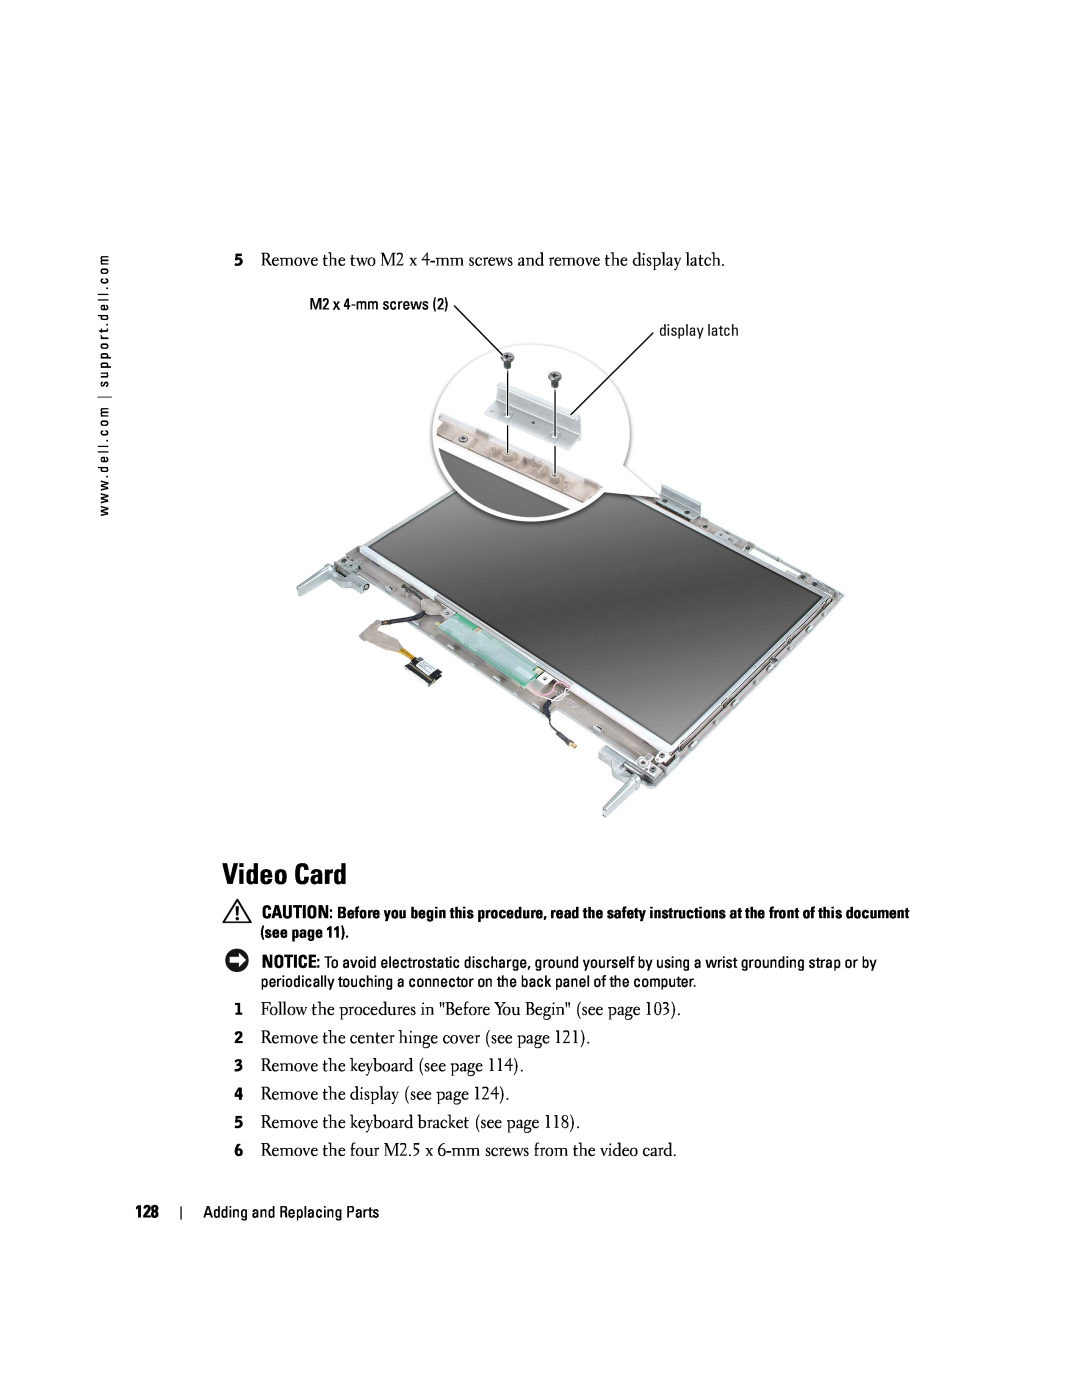 Dell PP09L owner manual Video Card 
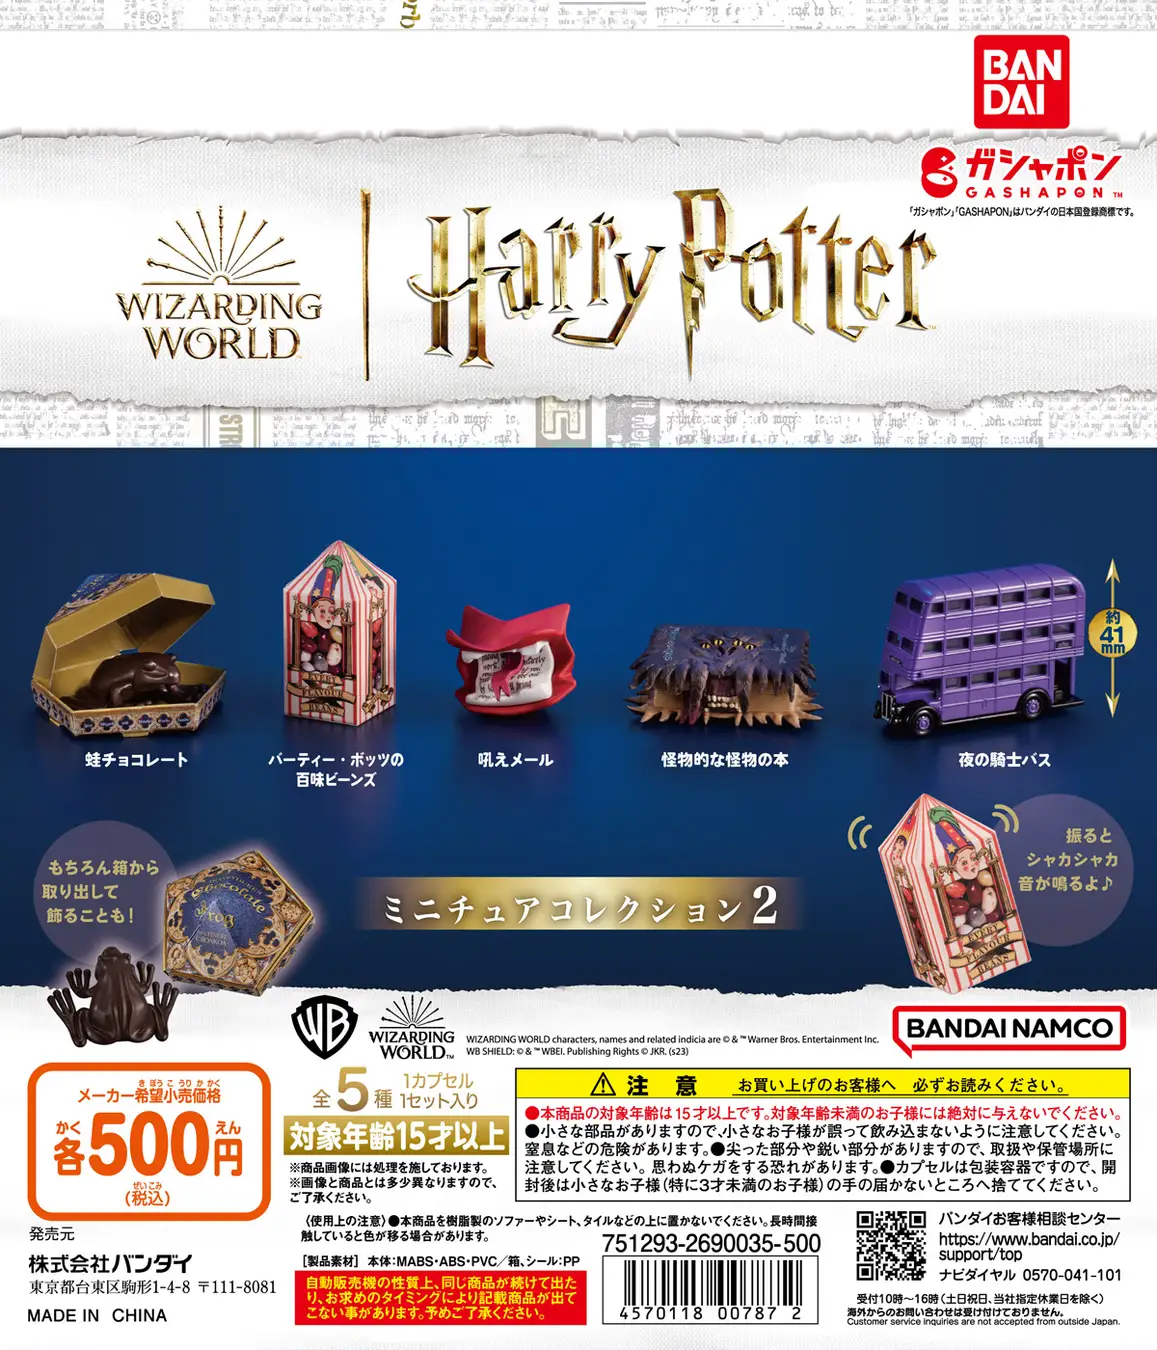 HARRY POTTER: MAGIC AWAKENED, PORTKEY GAMES, WIZARDING WORLD characters, names and related indicia © and ™ Warner Bros. Entertainment Inc. WIZARDING WORLD, HARRY POTTER and FANTASTIC BEASTS Publishing Rights © J.K. Rowling. (s23)
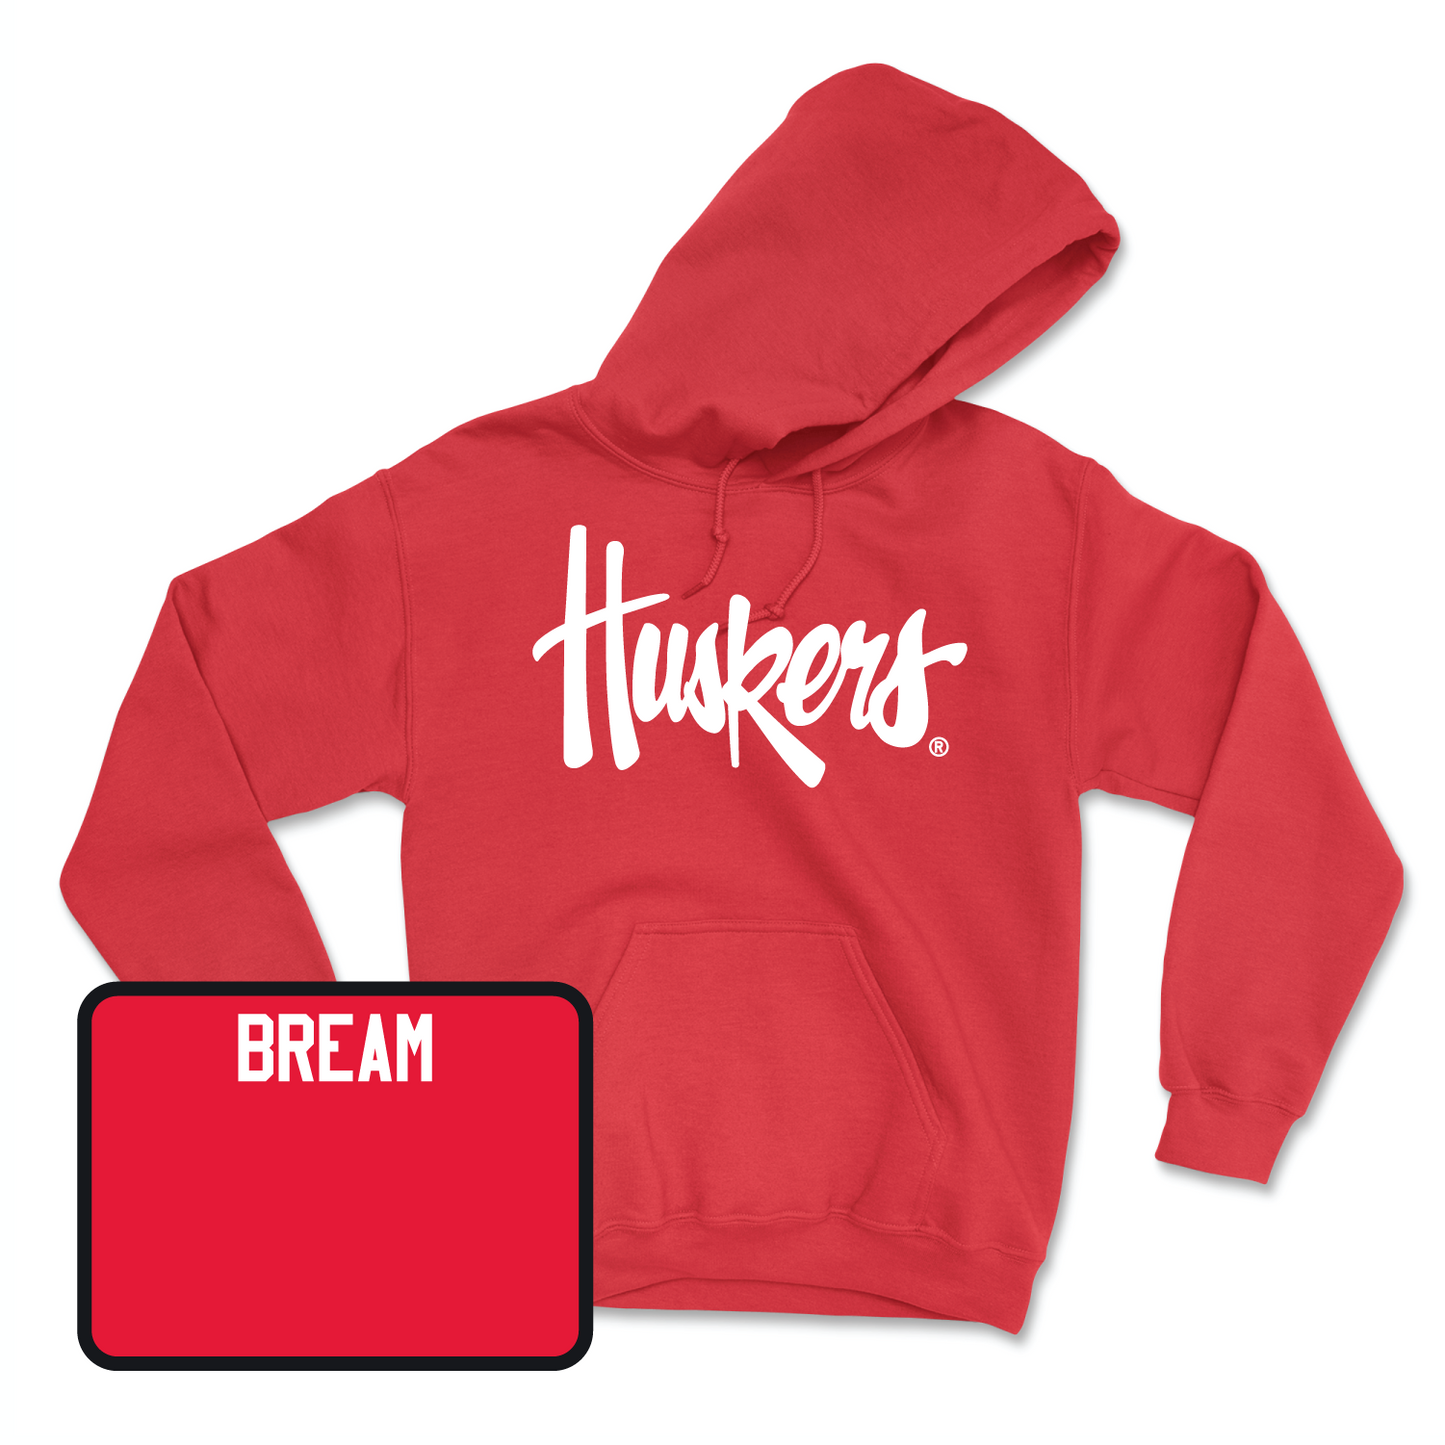 Red Women's Golf Huskers Hoodie 3X-Large / Brooke Bream
● ● ● ● ● ● ●
▸ **How to complete this task**
Write the material out again exactly. Skip each picture.

▸ **Task output**
 Dell PP09L owner manual Video Card 
 HARRY POTTER: MAGIC AWAKENED, PORTKEY GAMES, WIZARDING WORLD characters, names and related indicia © and ™ Warner Bros. Entertainment Inc. WIZARDING WORLD, HARRY POTTER and FANTASTIC BEASTS Publishing Rights © J.K. Rowling. (s23)
 Red Women's Golf Huskers Hoodie 3X-Large / Brooke Bream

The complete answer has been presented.